## Your task
Restate word for word the material below, starting at the line that contains "Image of Enzym Lactase 6000 FCC Kapseln" and stopping after the last line; skip pictures.

## Stored data
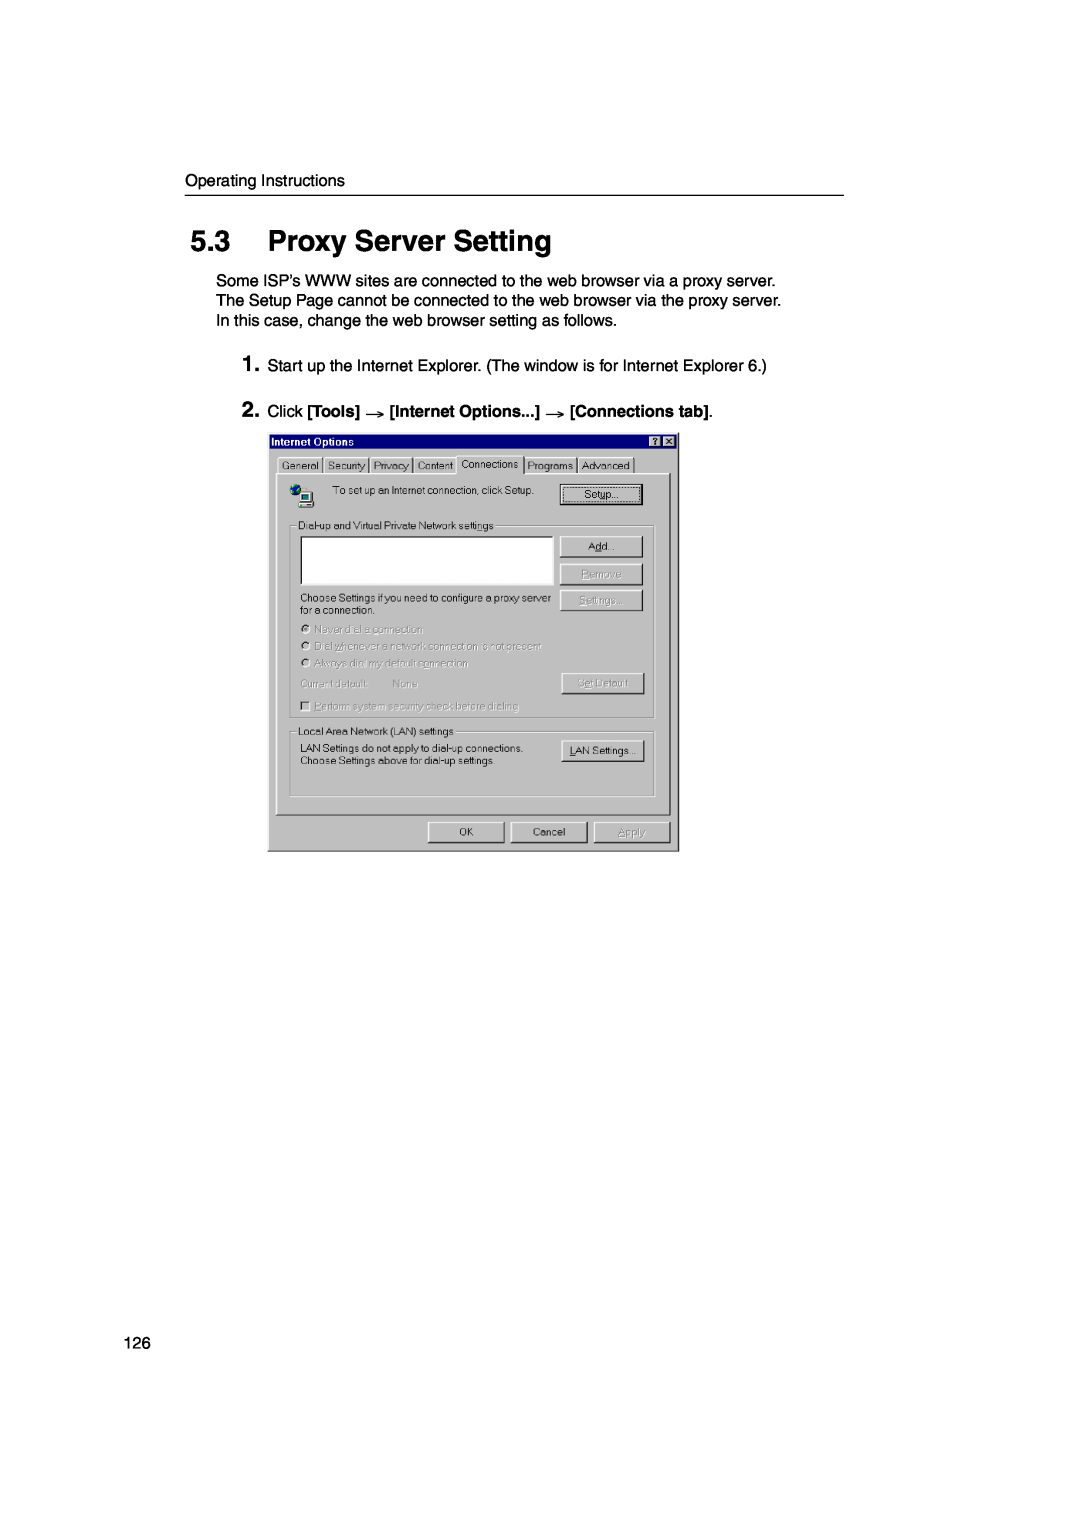 Panasonic KX-HGW600 manual Proxy Server Setting, Click Tools Internet Options... Connections tab 
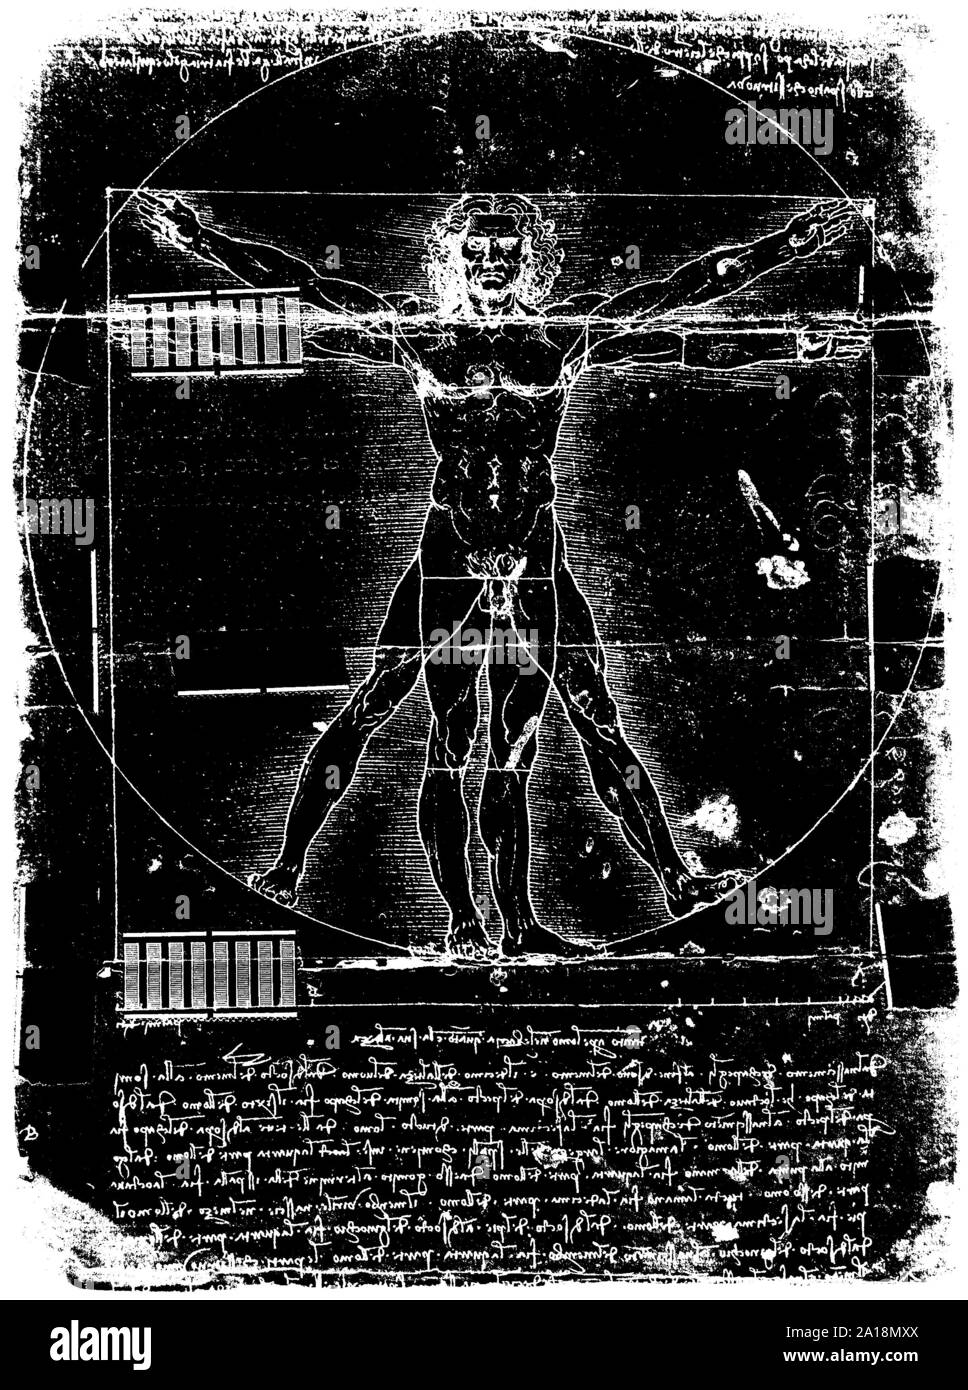 Photo of the Vitruvian Man by Leonardo Da Vinci from 1492 on textured background. Stock Photo
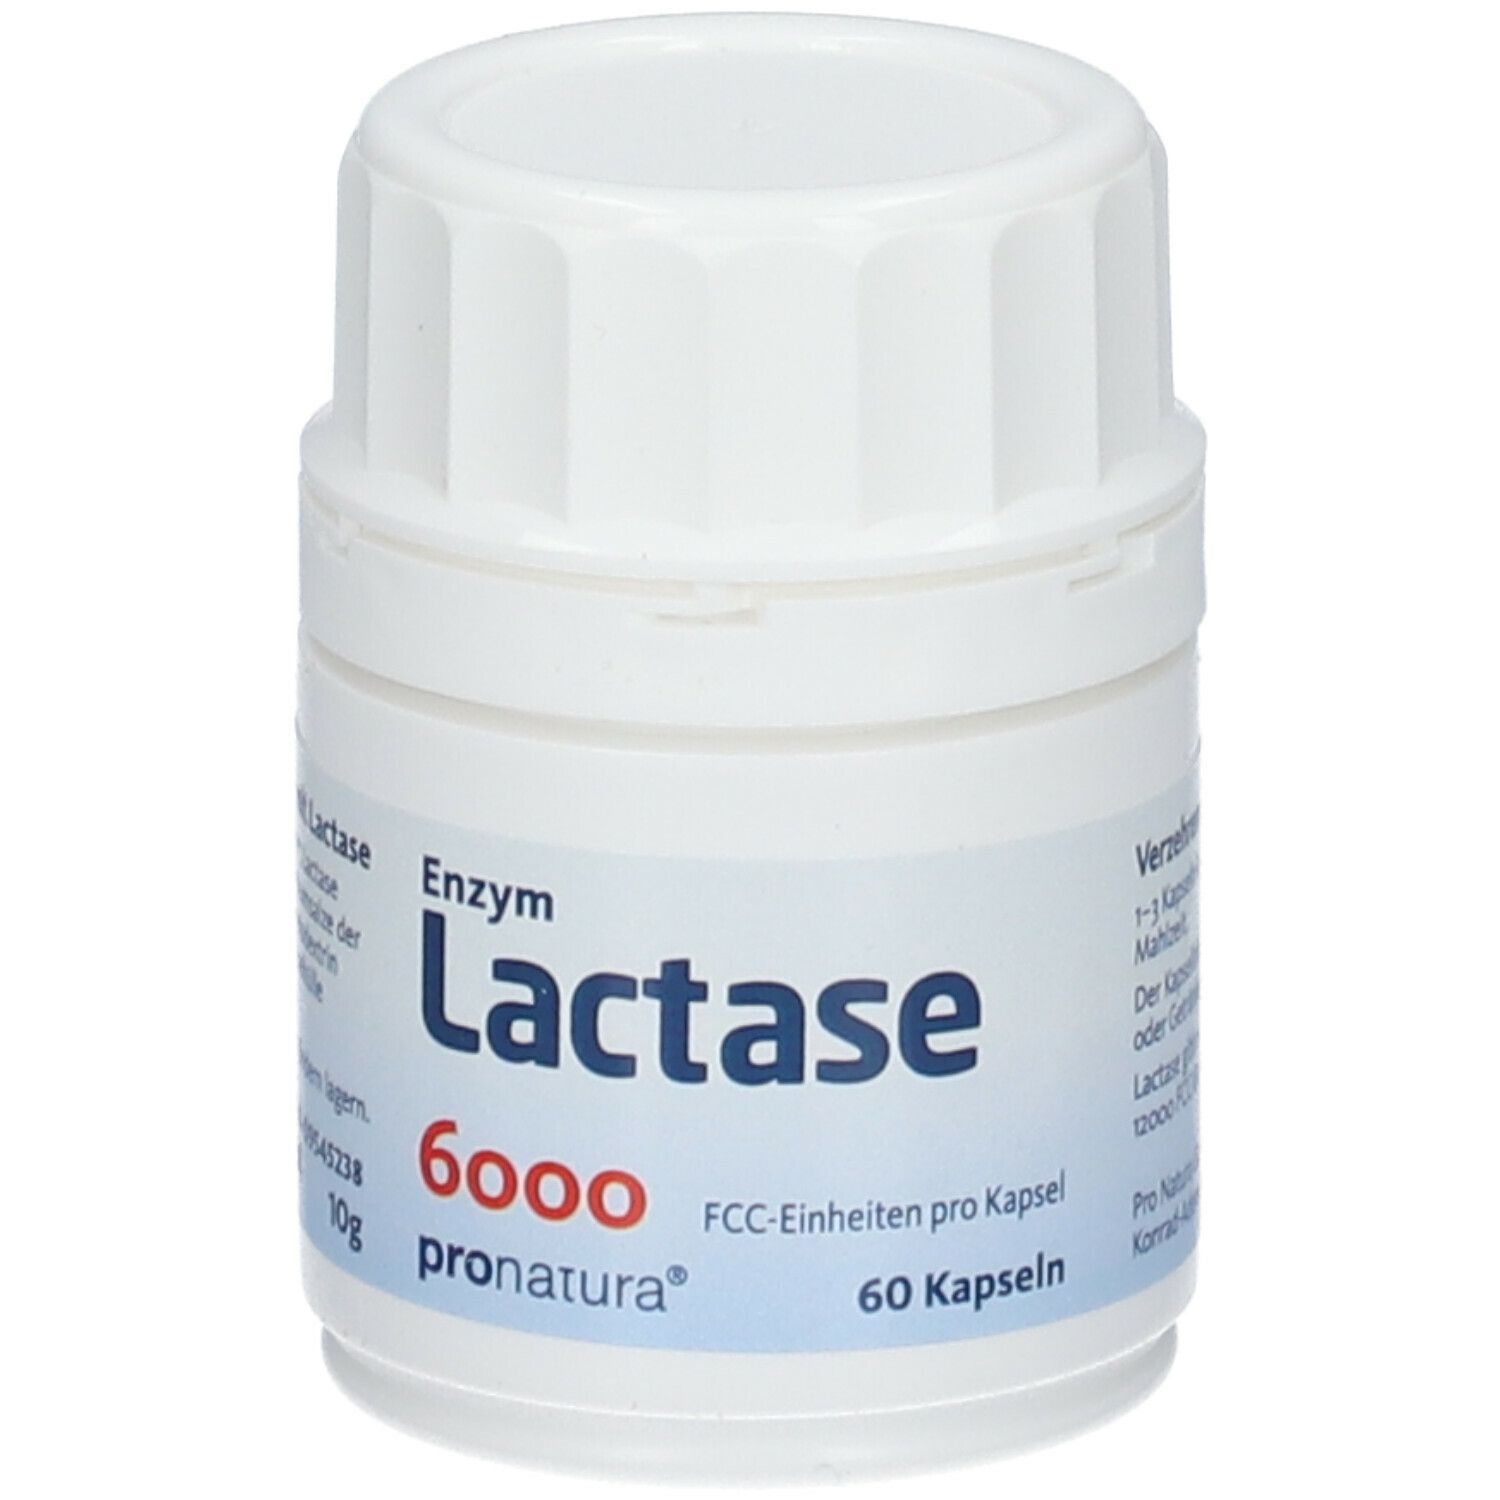 Image of Enzym Lactase 6000 FCC Kapseln
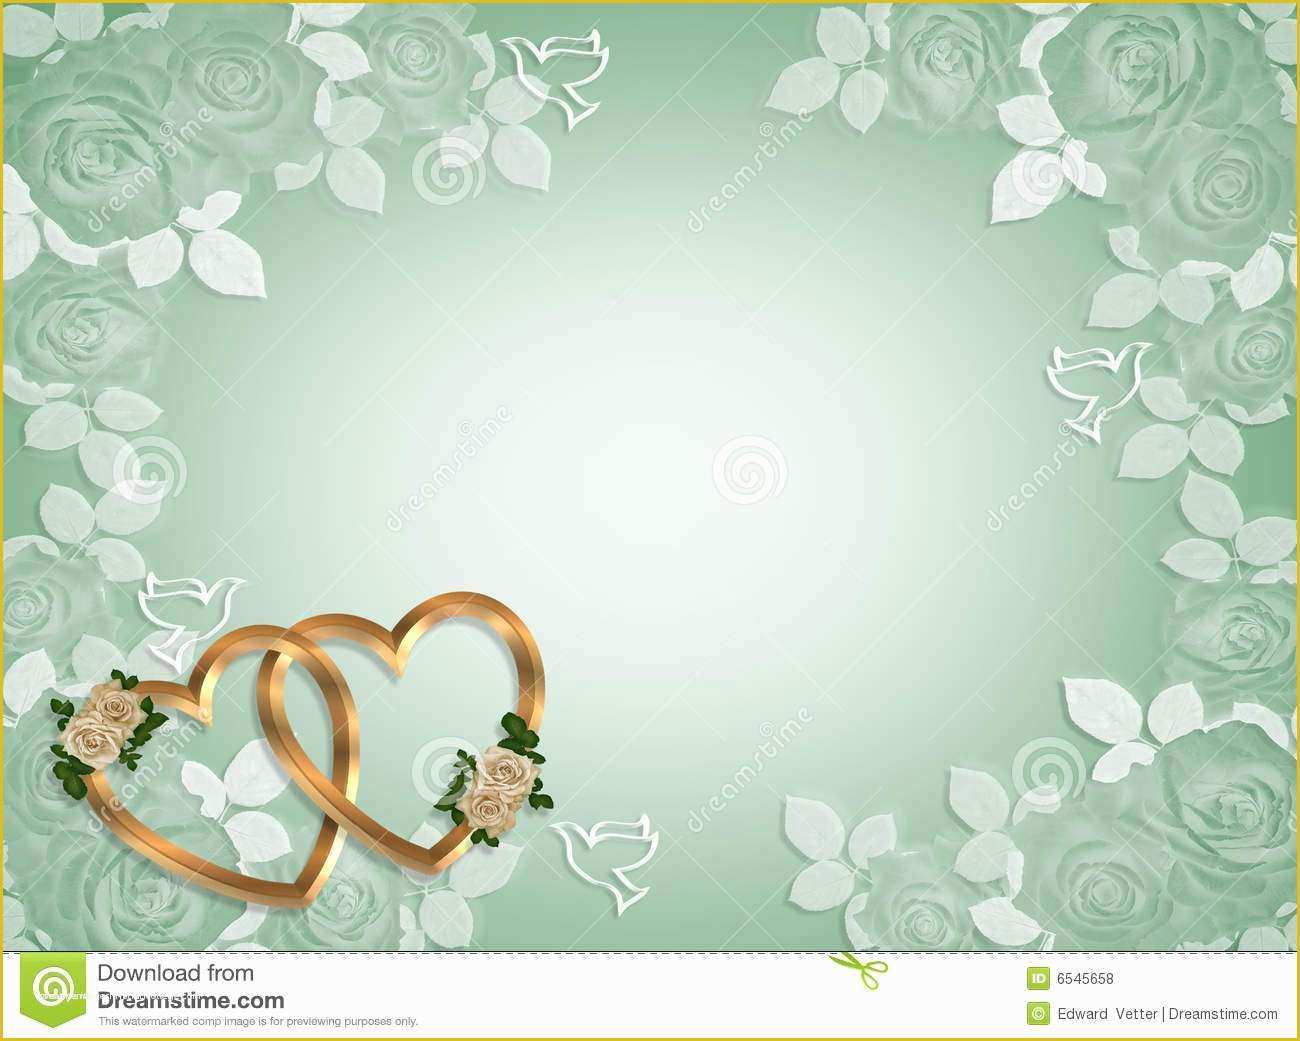 Royal Wedding Invitation Template Free Of Wedding Invitation Background Designs Free Luxury

## Answer box
 Image of Enzym Lactase 6000 FCC Kapseln
 Royal Wedding Invitation Template Free Of Wedding Invitation Background Designs Free Luxury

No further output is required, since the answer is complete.